And the crescendo was the 2023 election. From what I have read so far and in tune with my pragmatic nature, I think it is time Igbos, especially those in the southwest, need to understand Nigeria for what it is rather than what they think it should be. There is no point contesting elections in the regions since the indigenes are against it. In fact, no point voting. Yes, there is really no point. The same applies to census. Don't participate. Stop seeing other regions as your home. See it as a place to make money and leave.

This thread reminds me of a video I watched on Twitter of a white man who is a descendant of three generations residing in Japan. He and other descendants were born and bred in Japan; he even has Japanese nationality. But when asked if he is Japanese, he replied no. That, he is a Japanese national, but he is not an ethnic Japanese. Just because he has the passport does not make him ethnic Japanese. Those are two different concepts. Additionally, a few years ago, some Japanese complained about why a biracial lady (Japanese mom and Indian dad) should have won the beauty contest "Most Beautiful Girl in Japan". Their argument? She does not look Japanese. Also, it reminds me of Lydia Balogun, who is biracial and currently represents Nigeria in a beauty pageantry. Obviously, her dad being Nigerian qualifies her to represent Nigeria. But other black people, especially African Americans, found it odd since Nigeria is the world's most populous black country. Some Nigerians wondered why a lady so fair (as if monoracial fair ladies in Nigeria are nonexistent) would/should represent a country full of dark people. There goes the axiom: to negros, biracial folks are too white to be considered negros and to whites, too negros to be whites.
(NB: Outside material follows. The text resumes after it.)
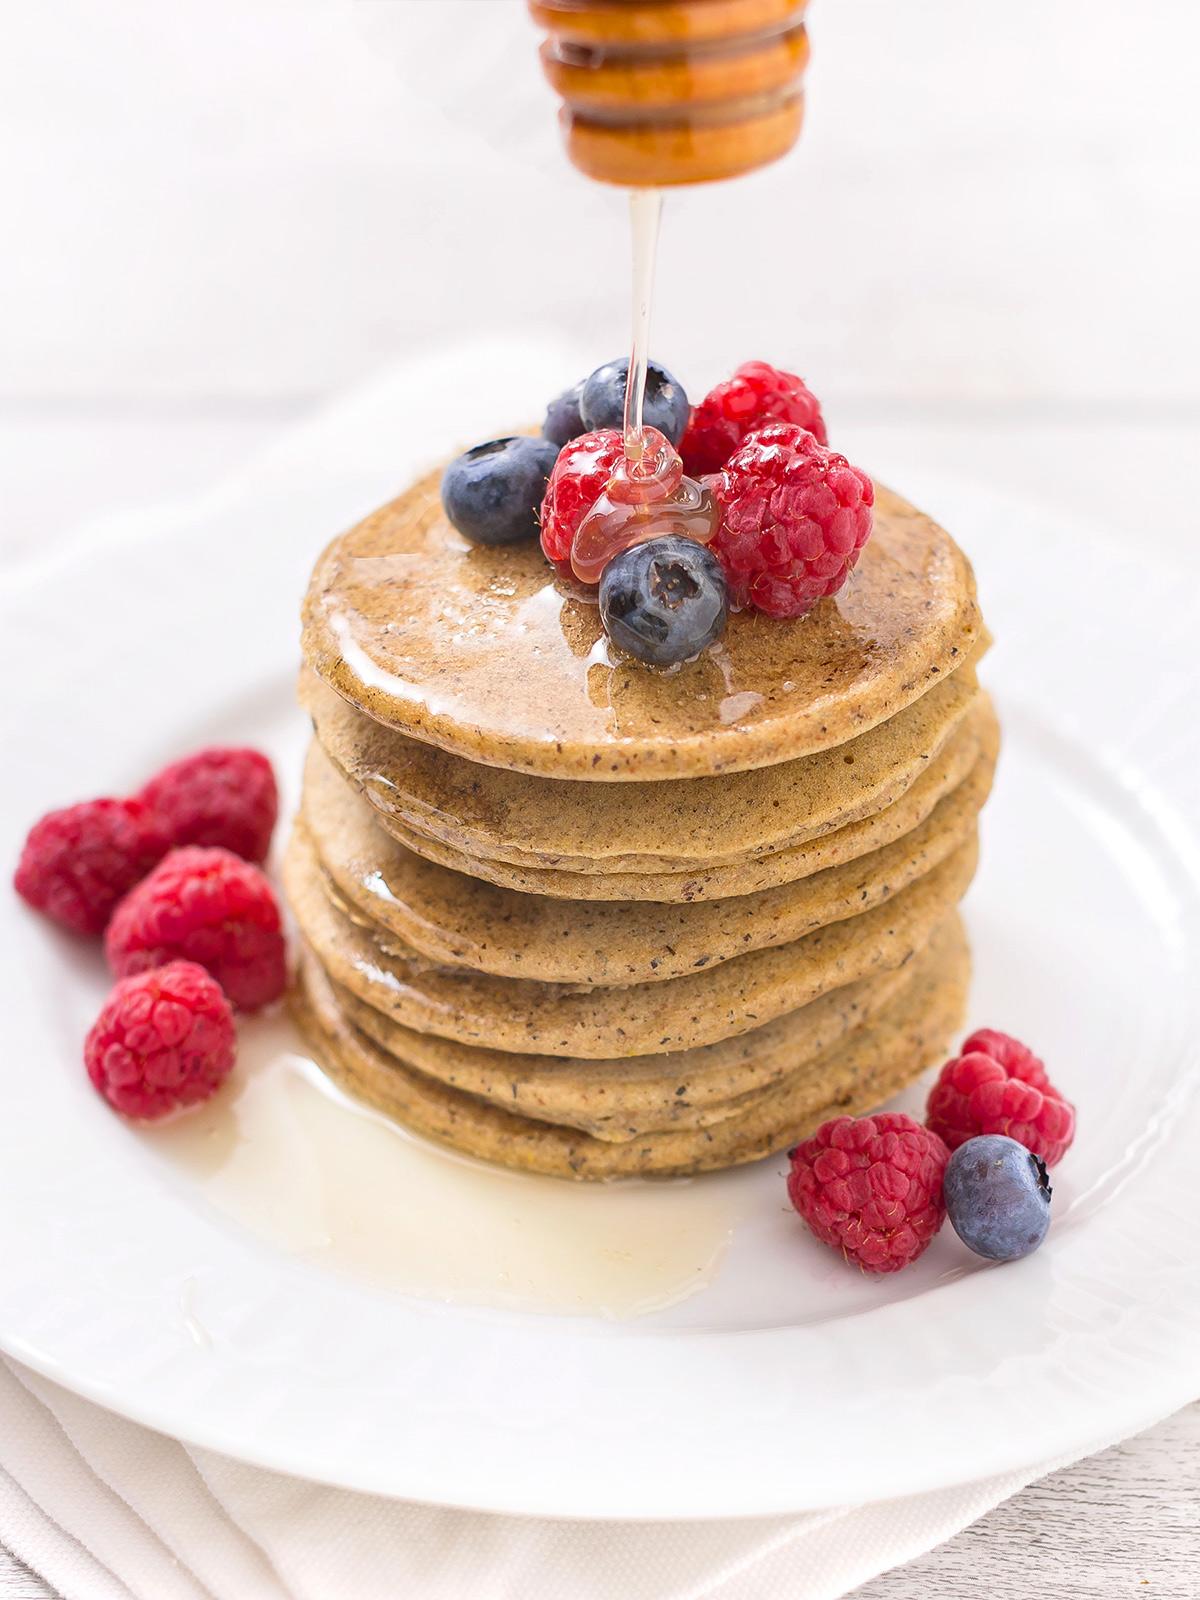 pancakes light senza uova senza burro senza glutine facili ricetta base pancakes vegan senza glutine al grano saraceno - easy vegan glutenfree buckwheat pancakes

Nigeria is an ethnically fractured country, and people need to start realising this simple fact. My dad is Igbo and my mom, Ibibio. I have stronger ties to Akwa Ibom than the state my dad comes from. I speak, write and understand the language (Ibibio). But I cannot contest in an election in the state because my dad is not from Akwa Ibom. In fact, when the issue of departmental election in the university was brought up, someone mentioned my name as a potential contestant. Others objected to it that a non-indigene cannot be a representative of the department. When I reminded them that my mom is from the state and I am culturally Ibibio, they chorused, "it does not matter". Tor! I was not interested in any elective or even appointed position, but it showed me there are certain boundaries I should not cross.

GRV's case was worsened by his previous tweets and inability to speak the language, aka "I don't think in Yoruba". That can be misconstrued by political opponents. On the one hand, it can mean I think broadly rather than in Yoruba since Lagos is a cosmopolitan state. On the other hand, it can mean you disregard the natives whose lingua franca is Yoruba, even though his dad is Yoruba. My issue was the flogging of Igbos and other ethnic minorities and even fellow Yorubas simply because they looked like "Igbos". Neighbours complained about how they got maltreated just because of their origin and appearance. An Ibibio man by name Aniedi got killed. Aniedi could have even been an Omo Igbo hater, but due to his appearance, him don die. Well, it is Nigeria; always expect the worst.

Going forward, young Nigerians should understand the country (including the world) for what it is, rather than what they think it should be. Igbos in the south west should learn from their kith in the north who tend to mind their business. Unlike in Plateau state, where the indigenes have an unbroken relationship with Igbos to fend off Fulani/Hausa incursions, that relationship cannot be replicated elsewhere. An Igbo man is Unijos' VC. But never expect such at UI or Unilag. This is why the argument that someone from Kogi (the Yoruba side) or Kwara cannot be a politician in Lagos does not fly with me. Culturally, that is permissible. You cannot impose your cultural norms on others. It is their land, after all. What are you going to do about it? The solution, as peddled by some, is division, rightfully so. But until Nigerians are prepared to fight another civil war, bloodier than the first, division is impossicant. A more realistic solution would be to mind who you marry so your children would not have tainted blood.

Your opinion is valid.
Which school?
Is it Tusker's republic?
Re: Igbo And The Governance Of Lagos by FreeStuffsNG: 1:59pm On Oct 02, 2023
jason123:
Three fashionable fallacies lie at the root of prevailing Igbo outlook to Lagos, the former federal capital. The first is that Lagos is a no-man’s land with no indigenous population.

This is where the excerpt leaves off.